Finding Out He Cheated, After He Died
Becoming a widow at 43 was enough to rock Julie Metz's world. But the worst was yet to come, as she details in her book "Perfection."

Being widowed is a tough enough burden to bear, especially with a six-year-old child to care for. But for Julie Metz, the sudden death of her husband Henry was only the tip of the iceberg. Six months after his passing, she learned shocking news: For years, Henry had betrayed their marriage, having several affairs, including a relationship with one of their friends.
The news sent Metz reeling, and to cope, she began to keep a journal. That journal became the impetus for her candid memoir, Perfection. Loveawake.com recently had the opportunity to chat with Metz about her book.
Loveawake: Why did you write "Perfection"?
Julie Metz: I think women are struggling with this idea of perfection: Perfect bodies, relationships, kids, jobs, and houses. The pressure to be perfect creates misery and shame and ultimately leads women to make poor choices as they try to hide parts of themselves or their lives they feel are less than perfect. I had to confront that aspect of my life, and I wanted to find a way to redefine the word "perfection."
Loveawake: When friends first told you of Henry's affairs six months after his death, what was your first reaction?
Metz: I was enraged, bewildered and broken-hearted. It was like losing him again but in a different way. I felt as though I'd never really known him, and I questioned whether any of what we'd had together had been real. I couldn't confront him, and this was one reason I decided to contact the other women. Henry had become a stranger to me, and I felt a strong desire to understand who he was. I also wanted to understand how these women had rationalized their choices. I felt they owed me an explanation for their damaging behavior.
Loveawake: What did you learn from contacting these women?
Metz: What I found were surprising areas of common ground. With the exception of the woman in my town, these women had short affairs with my husband during times of great upheaval. They were in vulnerable situations, and my husband took advantage of that. I also came to understand more about my husband's life during his last year or so. He was troubled, and this brought me to a place of compassion, which is the first step to forgiveness.
Loveawake: Did you ever feel like those 13 years of marriage, besides having your daughter Liza, were a waste?
Metz: I did feel that the years with Henry had been a waste, except for the most wonderful thing we did together, which was having our daughter. But after I began recovering from the shock, I was slowly able to look back on our years together in a different way.
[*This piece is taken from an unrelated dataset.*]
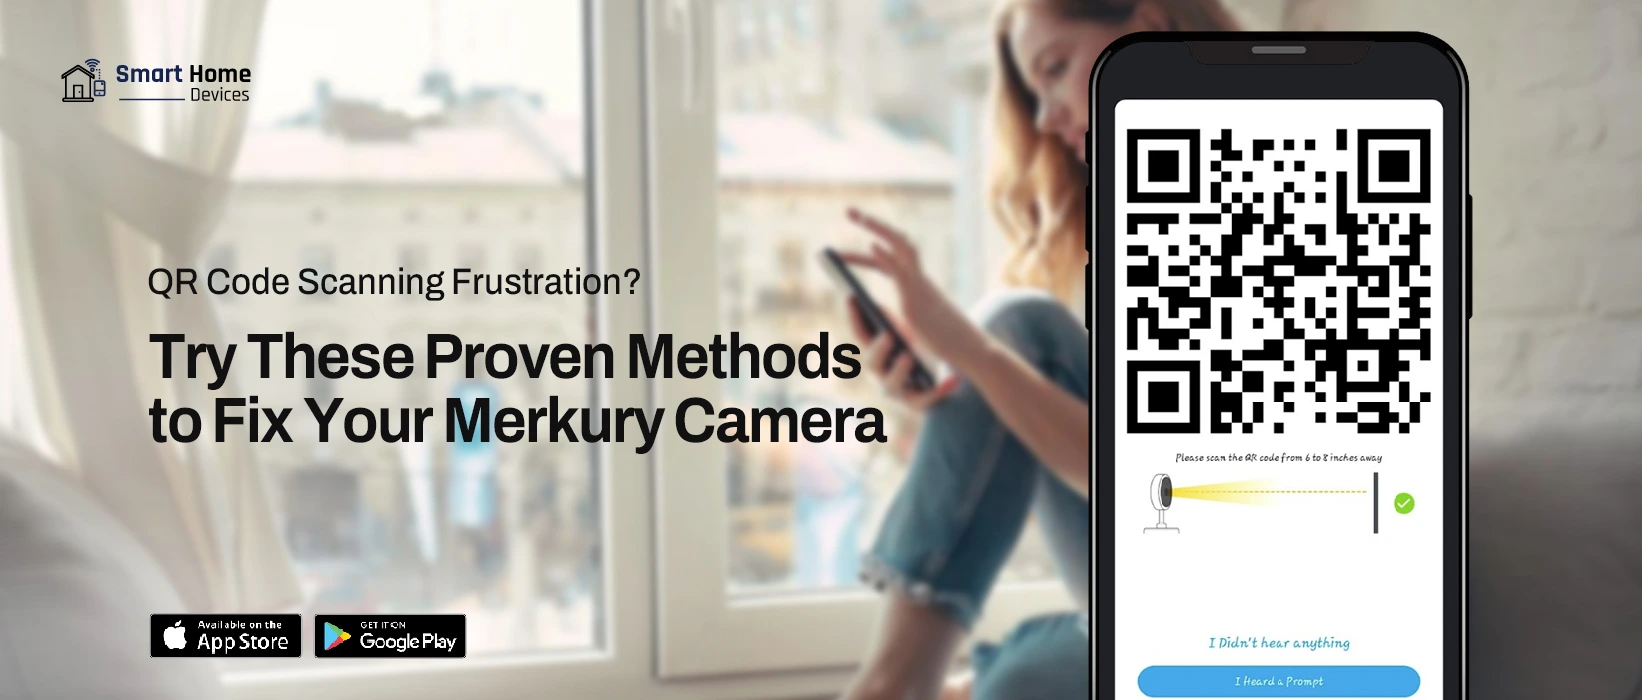 How to Fix Merkury Camera Wont Scan QR Code?
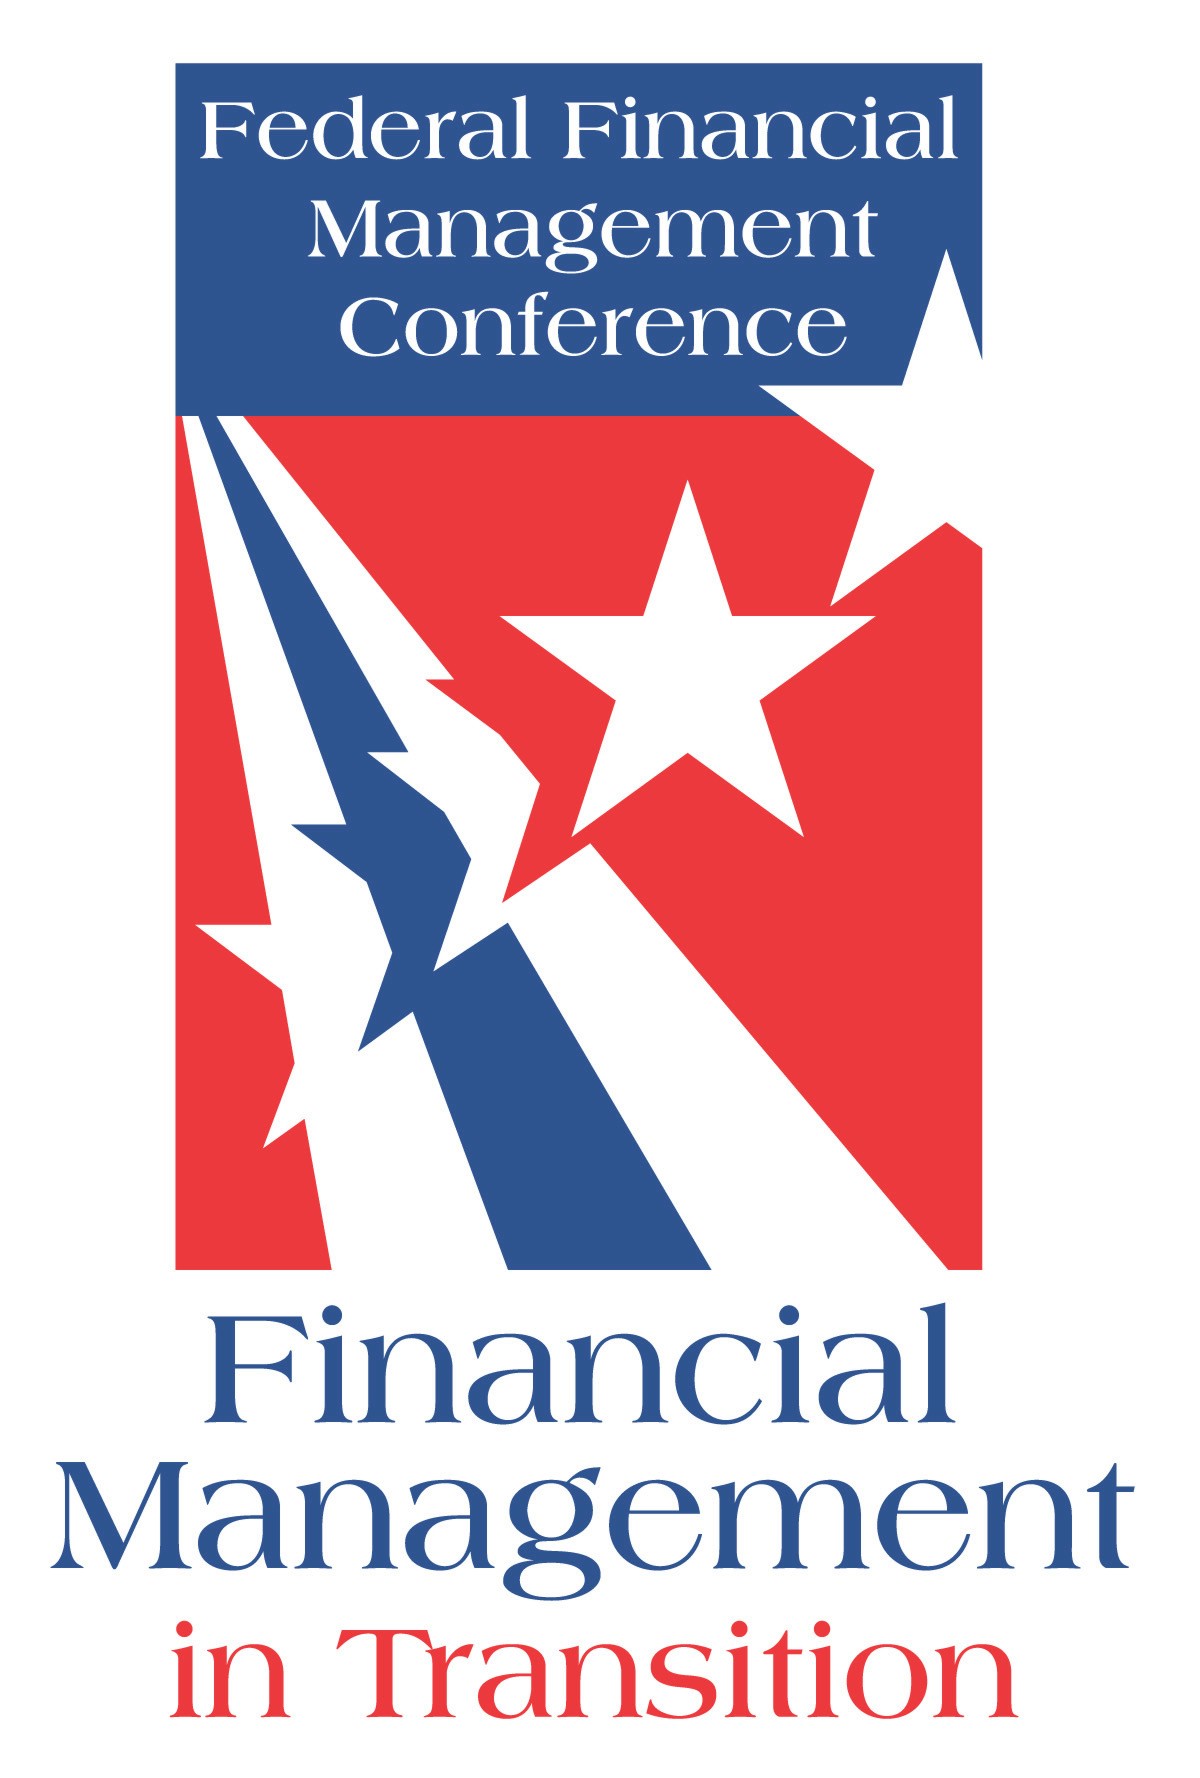 FFMC Conference Logo

While I might wish that our lives together had been more peaceful, I don't feel it was all a waste now. I hope the reader will also come to a place of compassion for Henry. I think he was searching in midlife for something in a confused and finally self-destructive way. He was careless with Liza and me, but in the end, he was more careless with himself.
Loveawake: How has Liza dealt with this news? Were you worried your book would upset her?
Metz: Liza was six at the time of her father's death. (She's now 13.) I thought long and hard about writing the book. In the end, I felt she had a deep understanding about the nature of her parents' relationship, having witnessed many of our arguments, and would be better served with an honest understanding of what had been going on. I think she understands that while he was a flawed man, he loved her deeply.
Loveawake: Did you have any suspicions about what was happening while Henry was alive?
Metz: In hindsight, there were many clues. We had a volatile relationship. At its best, it was passionate and exciting; at its worst, we fought. During the last years, it was mostly the worst, and we had been in couples therapy for several years at the time of his death.